“Timing is everything,” runs the old saying. And truer words were never spoken when it comes to important decisions about gym and health club marketing.

It’s all a matter of striking the correct balance between the short-term benefits of a direct response marketing and long-term brand building.

When building a health club brand, direct response and brand investment are both essential for your long term dominance. But many clubs struggle with striking the proper balance.

Over the years, I have seen the extreme ends of both. Now, obviously, the availability of capital is what ultimately determines which path a health club takes.  If the capital is there and the gym has quality equipment, services and staff, long term brand advertising is the obvious path to success.

That being said, from time to time, even the most successful gyms benefit from the cash infusion direct response provides. When executed properly, direct response has always provided the best and most efficient ROI in the health club industry. In knowing this,  many clubs have opted for this quick buck route of direct– and  overused it.

So take  it from a seasoned industry consultant:

Direct response or price pointing only works until it doesn’t. If your health club relies on it to heavily, your market will inevitably begin to show signs of fatigue.  Like all quick fixes in business, it’s best used in moderation.

In what seems like a long time ago…

I was just a young 24 year old pup and the year was 2001.  I had a ton of ambition and the world was my oyster.  I thought I could do no wrong and always assumed my decisions were the right ones. I started out with an idea of running my own promotion company and landed one of my first huge health club clients.  It was an huge 25k square foot, monster of a club in a town that looked perfect on paper.

I will never forget the feeling I had as I made that long drive down there:  the nerves, the fear, the excitement, the anxiety, the phone calls from friends and family congratulating me,  the pressure.  It’s one of those still frames you have permanently imbedded in your mind and always wish you could relive. 

The club owner was young and ambitious.  We were at the same places in our lives.  He had just signed the lease to take over the club with a personal guarantee after managing it for a couple years.  The gym advertising campaign ended up being a success.   I recall we ended up doing $130,000  in sales in 17 production days.  Slaps on the back and a big see you next year were how we parted ways.  Only the next time he called to run a campaign wasn’t a year later.  It was just six months later. 
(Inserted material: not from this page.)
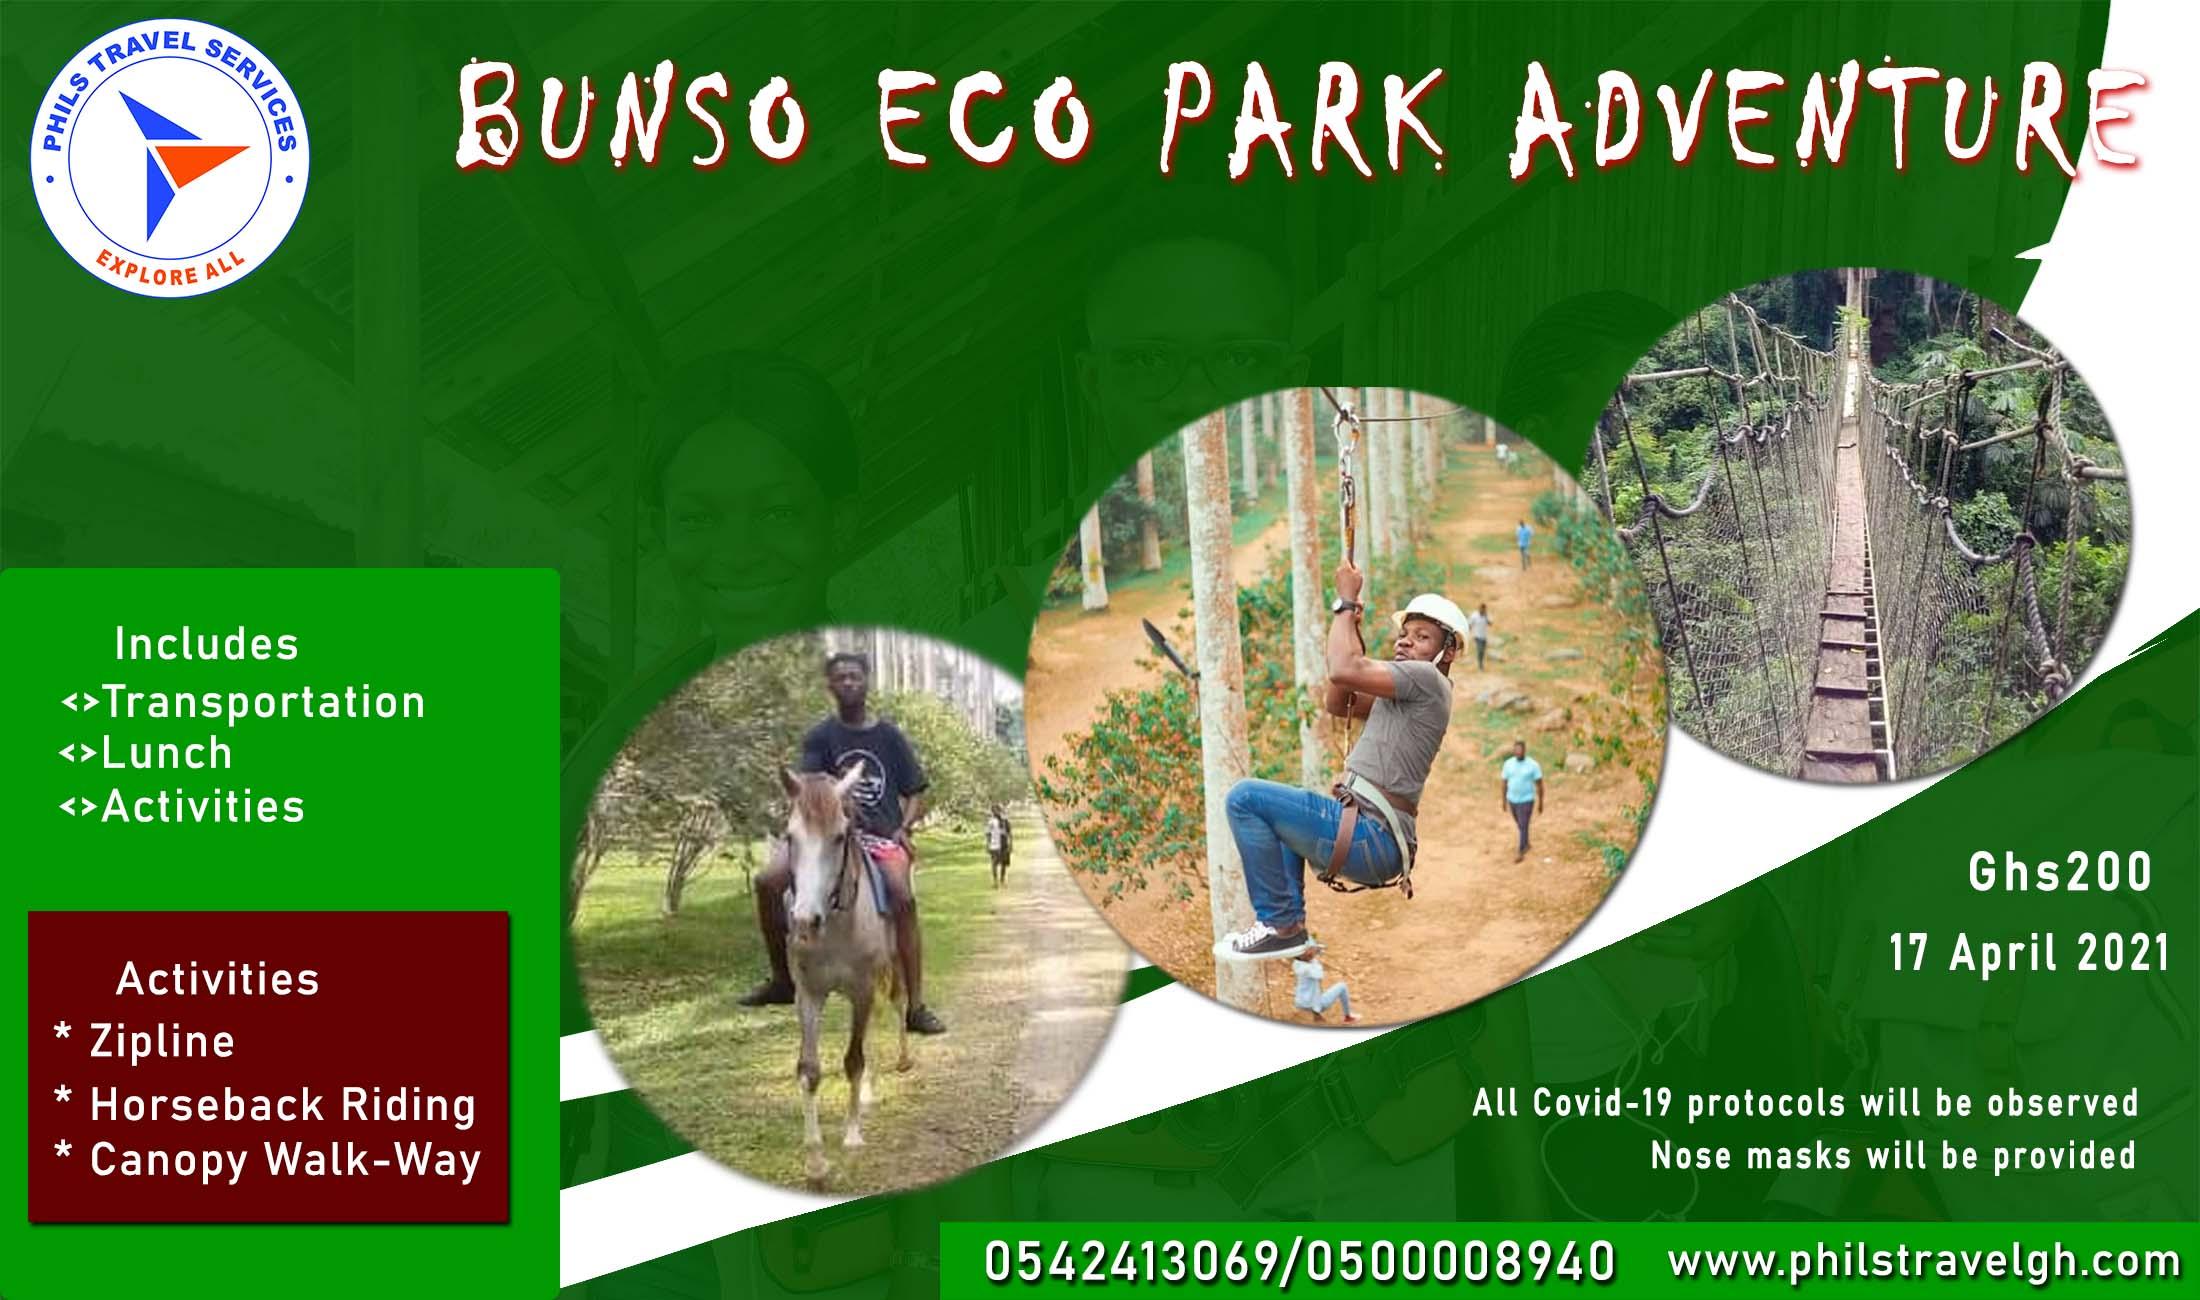 Bunso Eco Park Adventure

Now to be completely honest I was terrified of doing it.  Taking a $7,000 risk at a club you just promoted six months prior always requires a decent sized shot of Pepto.  Against my better judgment, I took the contract. 
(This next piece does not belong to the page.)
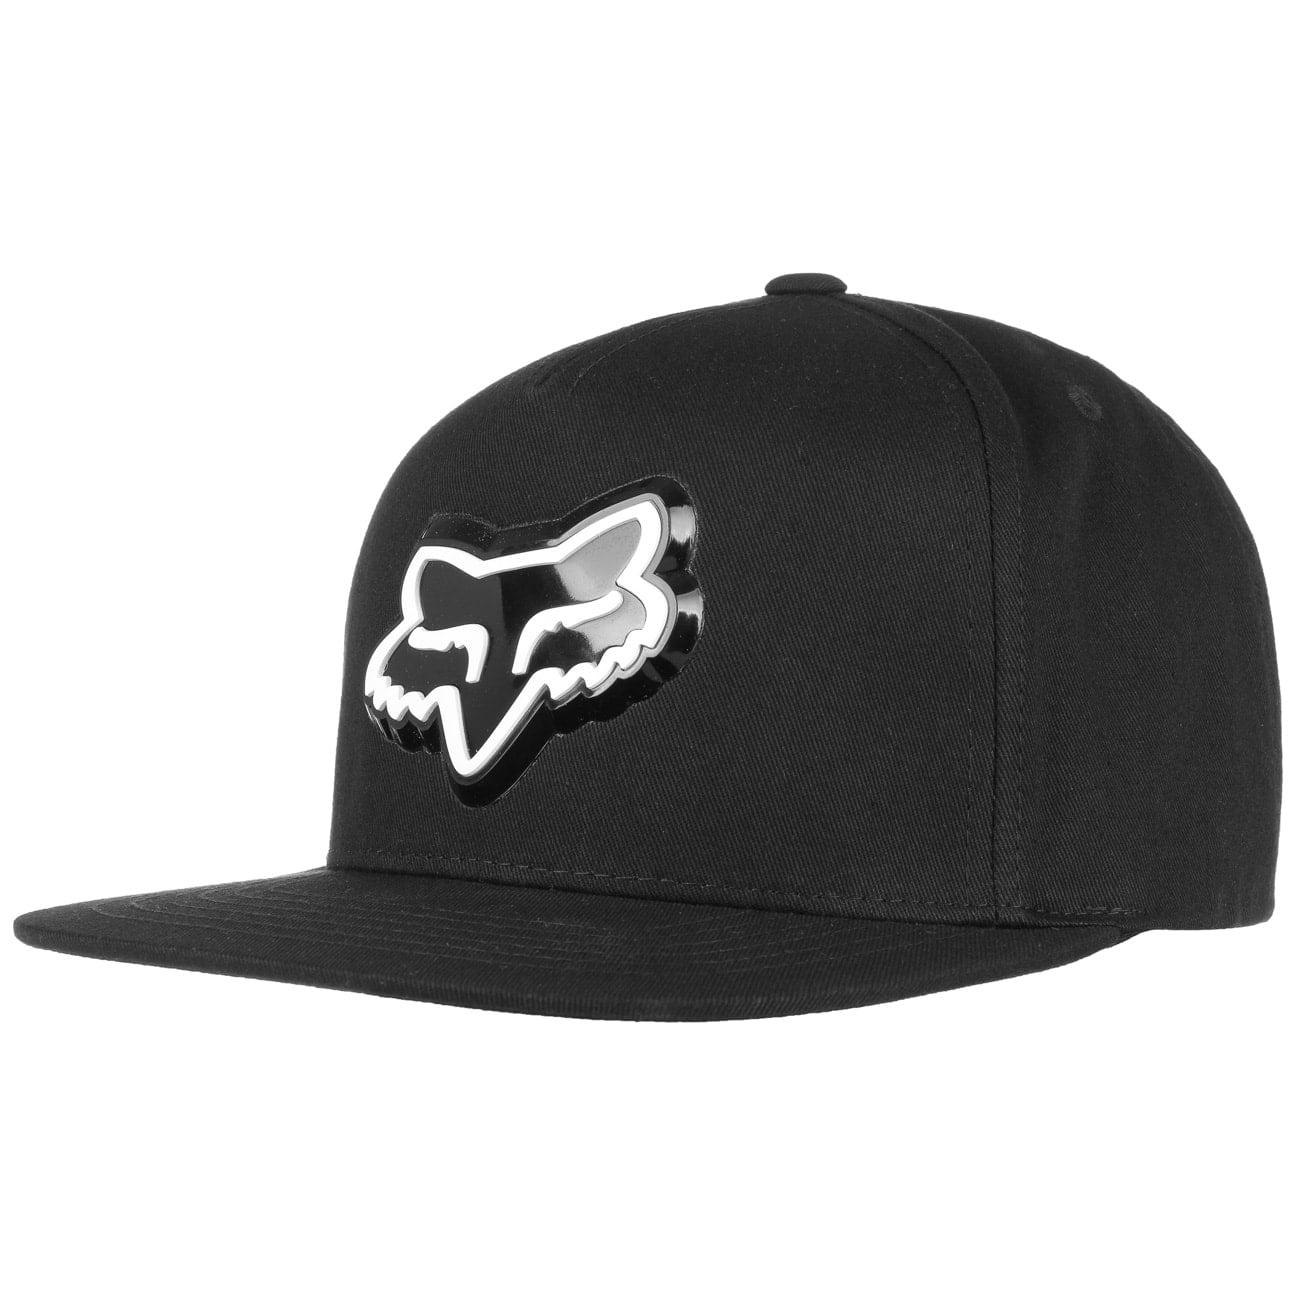 Casquette Snapback Ingratiate by FOX  baseball cap

We ended up doing okay, though.  This time we did around $100,000 or so.  It continued on like that for years.  Every time the gross sales would take a 20-30% hair cut.  Finally, one year the sales dwindled to the point we had to change things up.  We used a substancially greater price point on the full use option and lowered the cost of entry to give the gross sales a boost. 
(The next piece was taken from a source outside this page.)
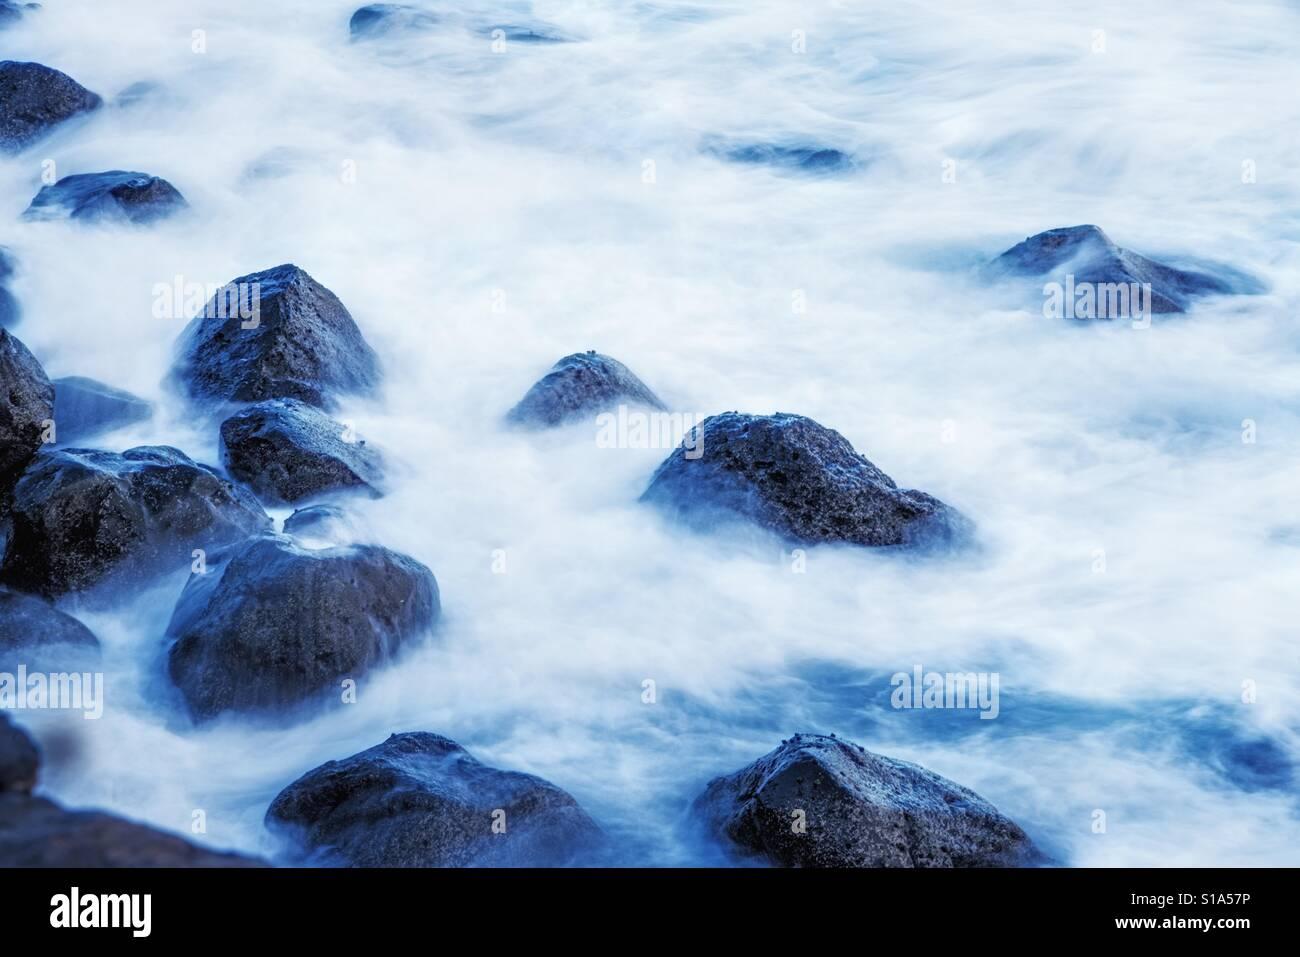 atlantic ocean, volcano rocks in surf on longtime exposure - Stock Image

 We still got about 20% fewer members than we did the prior promotion but at $600-$700 a pop for two  year contracts, we ended up grossing around $50,000.  But I wasn’t all that comfortable using those tactics.  It was final promotion I ever ran for my client. 

During those fruitful years he never remodeled, put in new carpet, bought a new piece of equipment (I think he may have bought a couple used treadmills at one point), painted the walls, or added a new aerobics class. He never ran a testimonial spot on TV and  never did any billboards. There were no custom membership cards and no radio. In short: nothing to improve his brand image.

My former client  went on to try out almost every other health club marketing company in the business, but with little or no success.  He continued to  experience the same downward trend line in sales. 

Do you know how that club is doing today?  It’s now a thriving vacant building.  The former club owner/ building owner/landlord to this day is unable to lease it out; equipment and all.   My old good pal has become wiser over the years and today owns a very successful club around the same area.  We still keep in touch from time to time, spitballing back and forth about the good ole days.

Anyways the point of the story is to show you the hazards of relying on direct response advertising too heavily.  I would be lying if I told you this was an isolated instance.  Truth be told, in my 13 year tenure at the helm of United Fitness Marketing, I have witnessed more clubs head down this slope than I care to count. 

If you use direct response, make sure you are using those funds to make improvements to your gym.  Buy a new piece of cardio equipment or add an aerobics class, for example.  Show the community you are in it for the long haul.  Balance your advertising out.  Purchase some local cable spots and run a testimonials ad with your most loyal members.  Put your members on the radio and let them tell the world why your gym rocks. 

While direct response marketing will always be king, a good balance is essential in ensuring your club’s long term success.  Not everything has to pay off immediately, sometimes good things take time.